Roger Palmer, 1st Earl of Castlemaine, (3 September 1634 – 21 July 1705) was an English courtier, diplomat and politician who sat in the House of Commons of England for part of 1660. He was also a noted Roman Catholic writer. His wife, Barbara Villiers, was one of Charles II's mistresses.

==Early life==
Born into a Roman Catholic family on 3 September 1634, Roger was the son of Sir James Palmer of Dorney Court, Buckinghamshire, a Gentleman of the Bedchamber under King Charles I, and Catherine Herbert, daughter of William Herbert, 1st Baron Powis. He was educated at Eton College and King's College, Cambridge. He was admitted at the Inner Temple in 1656.
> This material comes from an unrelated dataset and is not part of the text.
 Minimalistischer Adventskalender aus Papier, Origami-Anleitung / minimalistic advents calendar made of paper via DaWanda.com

In March 1660, at the age of 25, Palmer was elected Member of Parliament for Windsor in the Convention Parliament. Following a double return, he was not seated until 27 April.

==Barbara Villiers==
On 14 April 1659, Roger Palmer married Barbara Villiers, the only child and heiress of William Villiers, 2nd Viscount Grandison, a half-nephew of George Villiers, 1st Duke of Buckingham, and of his wife Mary Bayning, co-heiress of Paul Bayning, 1st Viscount Bayning.
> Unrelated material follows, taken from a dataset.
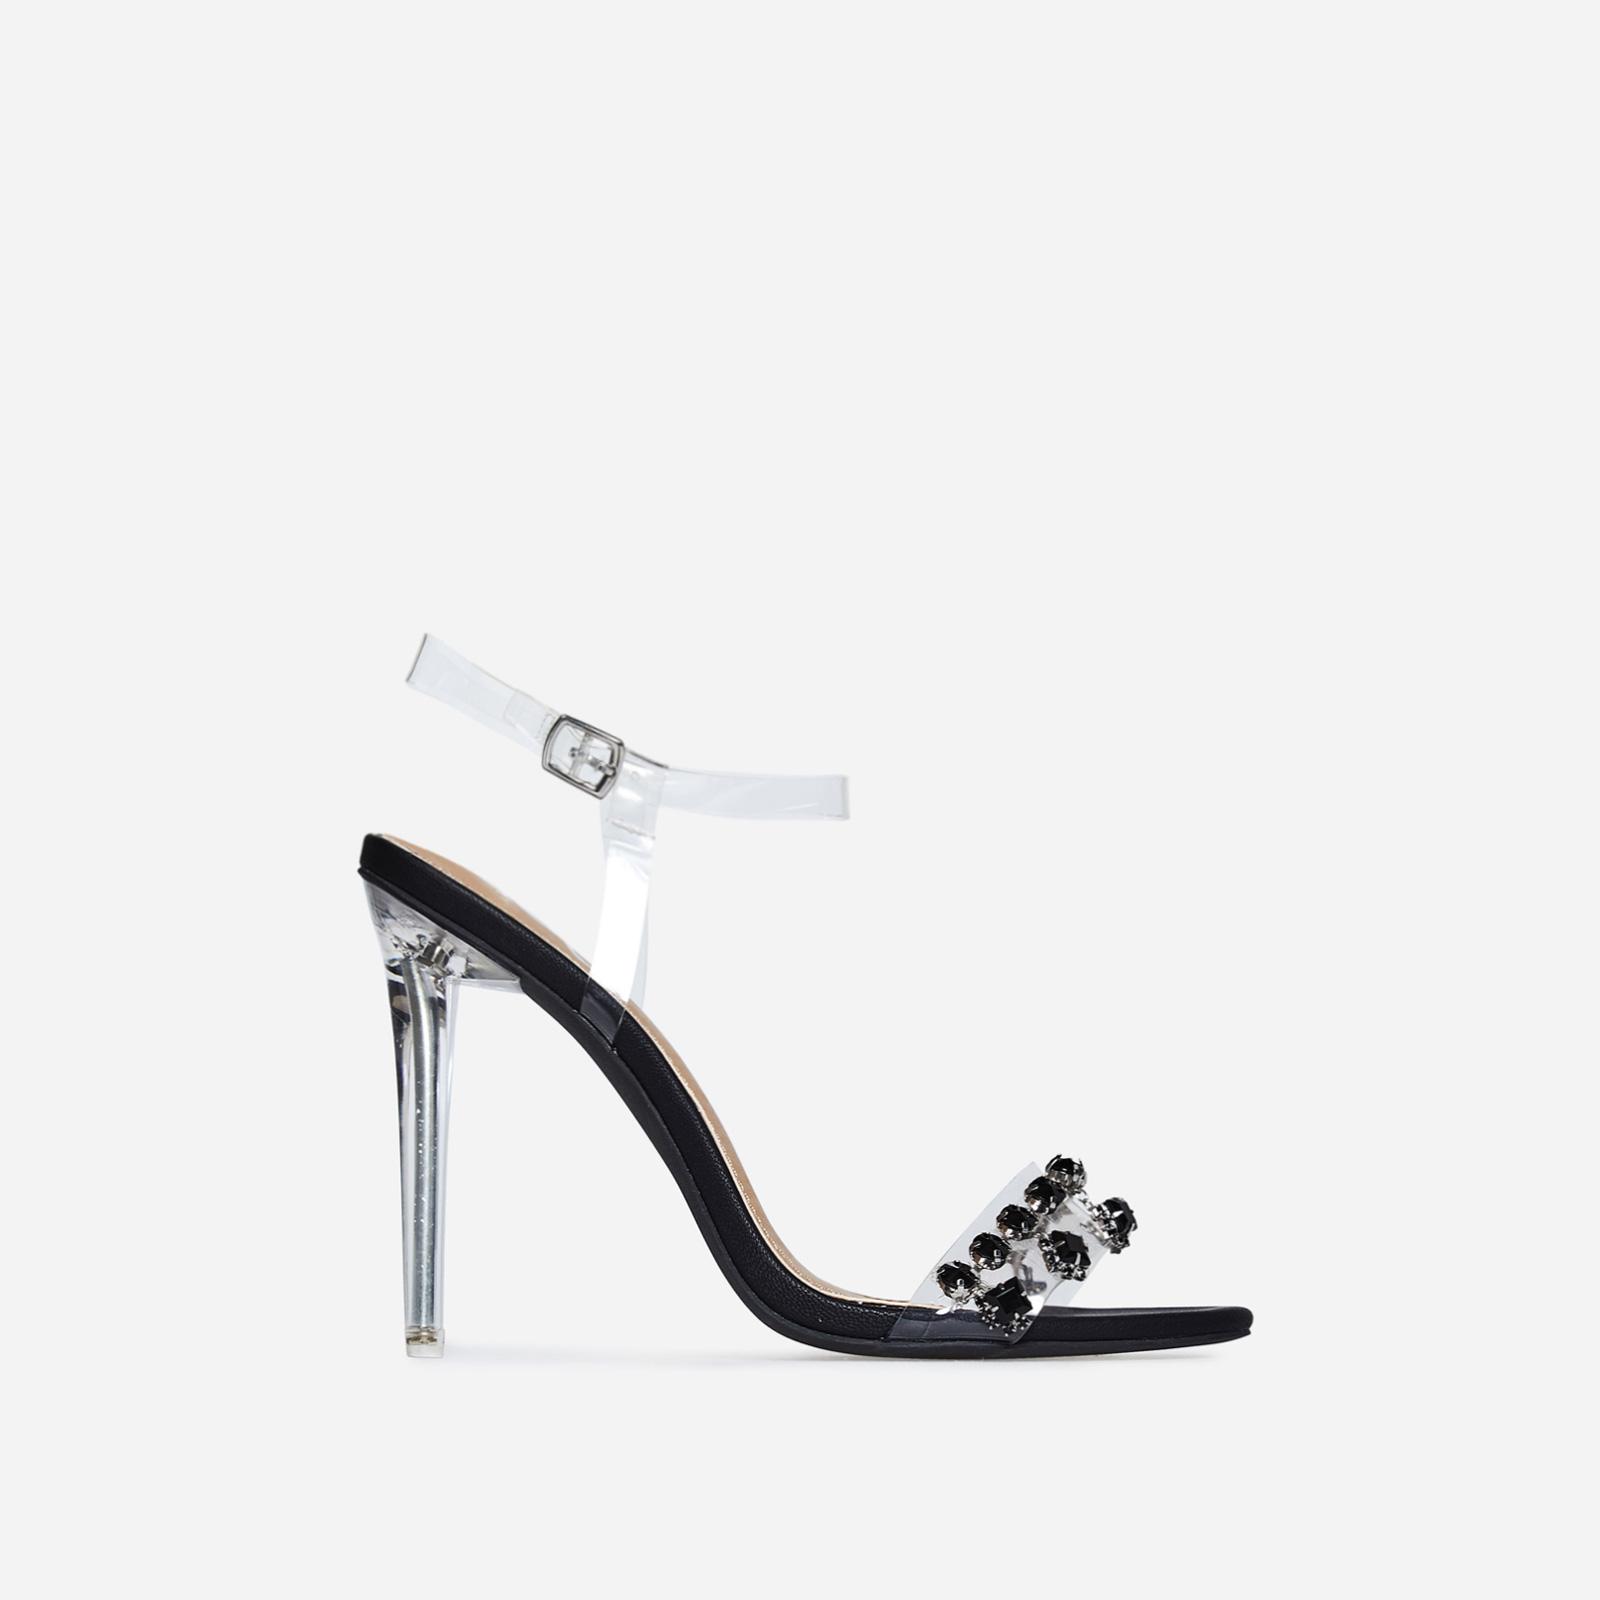 Peyton Jewel Embellished Perspex Heel In Black Faux Leather

In 1660, Barbara Villiers, his wife of one year, became mistress to King Charles II. The king created Palmer both Earl of Castlemaine and Baron Limerick in 1661, as Barbara's father had been Viscount Grandison of Limerick, but the title was limited to his children by Barbara (as opposed, that is, to any later wife he might have), which made it clear to the whole court that the honour was for her services in the King's bedchamber, rather than for his in the King's court. This made it more of a humiliation than an honour:

[...] and then to the Privy Seal, and sealed there the first time this month; and, among other things that passed, there was a patent for Roger Palmer (Madam Palmer's husband) to be Earl of Castlemaine and Baron of Limbricke in Ireland; but the honour is tied up to the males got of the body of this wife, the Lady Barbara: the reason whereof every body knows.
— Samuel Pepys

Palmer did not want a peerage on these terms, but it was forced on him; and he never took his seat in the Irish House of Lords (although he did use the title). Lady Castlemaine would continue her affair with Charles II until 1665, giving birth to five illegitimate children:

- Lady Anne Palmer, later FitzRoy (1661–1722), probably daughter of King Charles II, although some people believed she bore a resemblance to Philip Stanhope, 2nd Earl of Chesterfield, another one of Lady Castlemaine's lovers. She was claimed by Charles, Chesterfield, and Palmer. Palmer believed Anne to be his biological daughter, and became very attached to her, making her a trustee and the main beneficiary in his will until 1672, when Charles II formally claimed Anne and her sister, Charlotte, as his illegitimate daughters, giving them the surname "FitzRoy". Anne later became the Countess of Sussex through her marriage to Thomas Lennard, 1st Earl of Sussex.
- Charles Palmer, later FitzRoy (1662–1730), styled "Lord Limerick" and later Earl of Southampton, created Duke of Southampton (1675), later 2nd Duke of Cleveland (1709). Roger Palmer claimed the boy as his legitimate son and heir, having the child baptized as a Roman Catholic, but had a dispute with King Charles II, which saw the child re-baptized as an Anglican and renamed "FitzRoy" on the King's orders.
- Henry FitzRoy (1663–1690), created Earl of Euston (1672) and Duke of Grafton (1675) by King Charles II.
- Lady Charlotte Palmer, later FitzRoy (1664–1718), later Countess of Lichfield through her marriage to Edward Lee, 1st Earl of Lichfield. She gave birth to at least 18 children, 12 of which survived to adulthood to marry and produce grandchildren.
- George FitzRoy (1665–1716), created Earl of Northumberland (1674) and Duke of Northumberland (1683) by King Charles II.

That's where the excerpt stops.